DATA EXTRACT Start Marker
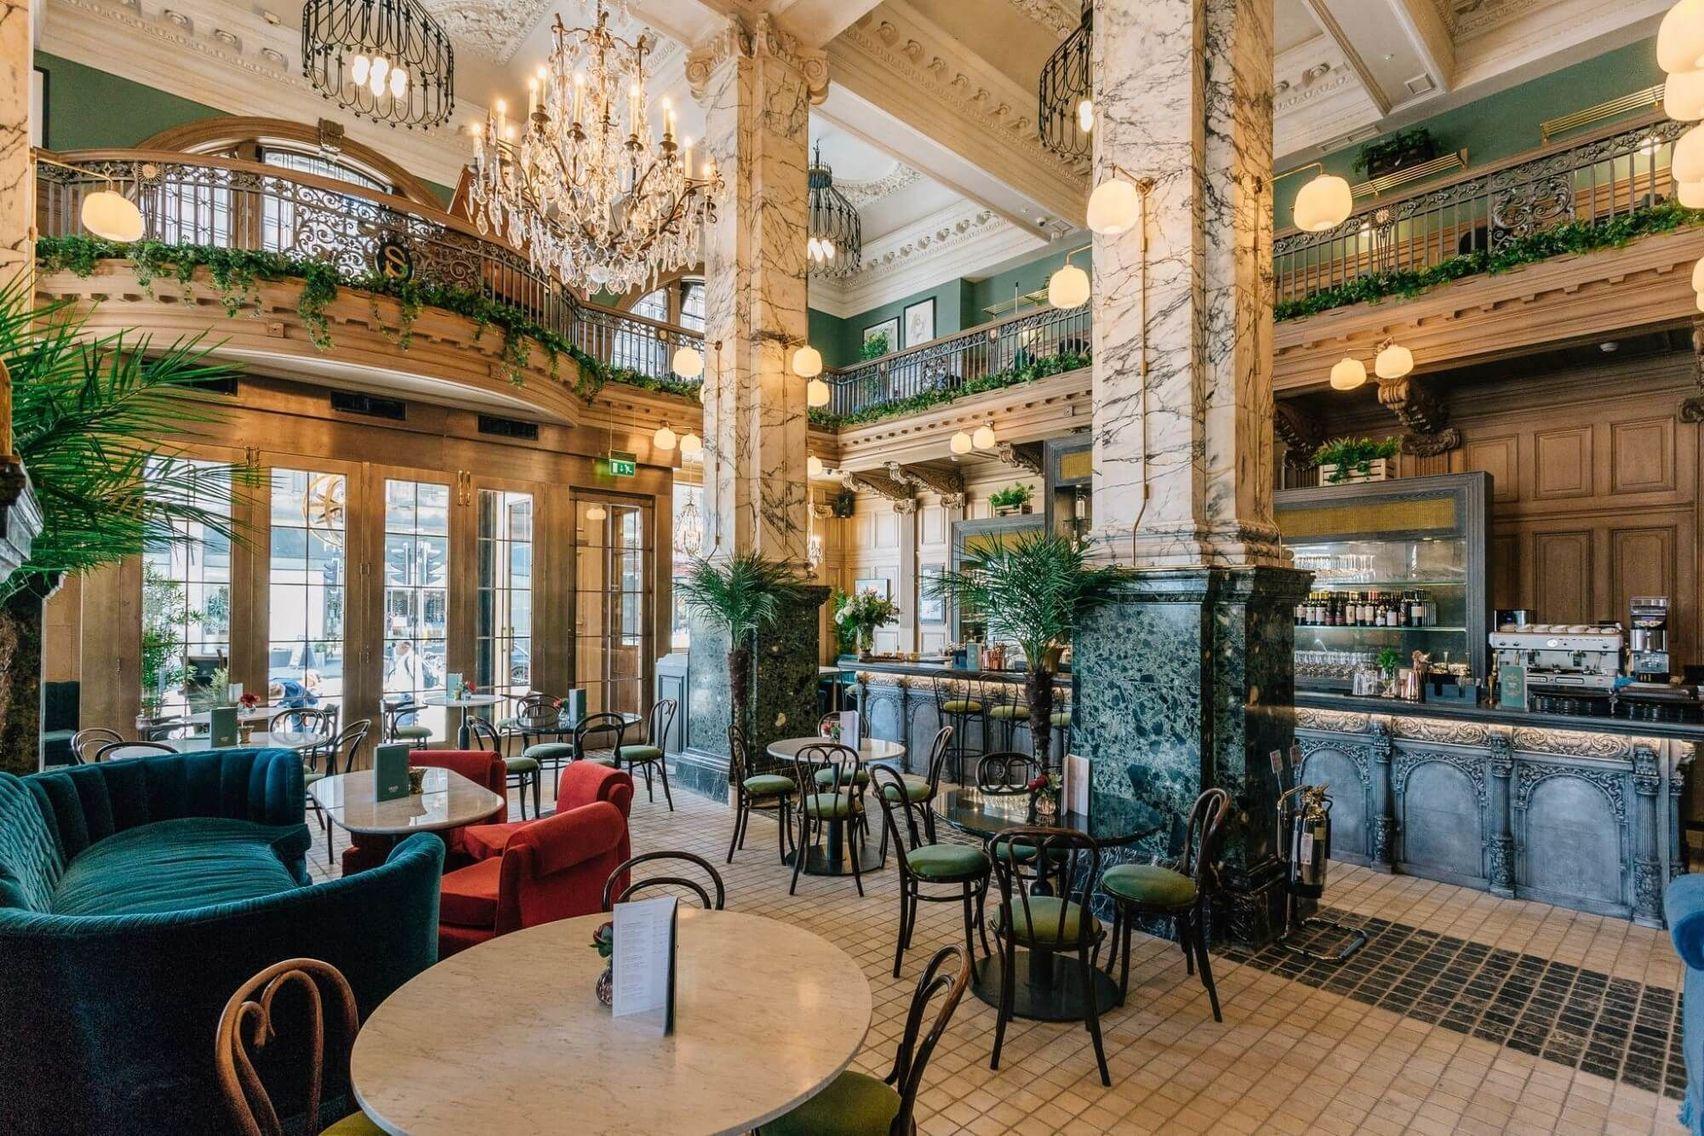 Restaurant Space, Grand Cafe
DATA EXTRACT End Marker
DATA EXTRACT Start Marker
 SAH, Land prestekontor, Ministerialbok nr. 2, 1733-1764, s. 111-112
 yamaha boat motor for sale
DATA EXTRACT End Marker
◆ **YOUR GOAL**: In the listing above, locate the line containing "SAH, Land prestekontor, Ministerialbok" and the line containing "yamaha boat motor for sale". Extract those two lines and every line between them, exactly as written, and only those.

◆ **EXERCISE RESULT**:
 SAH, Land prestekontor, Ministerialbok nr. 2, 1733-1764, s. 111-112
 yamaha boat motor for sale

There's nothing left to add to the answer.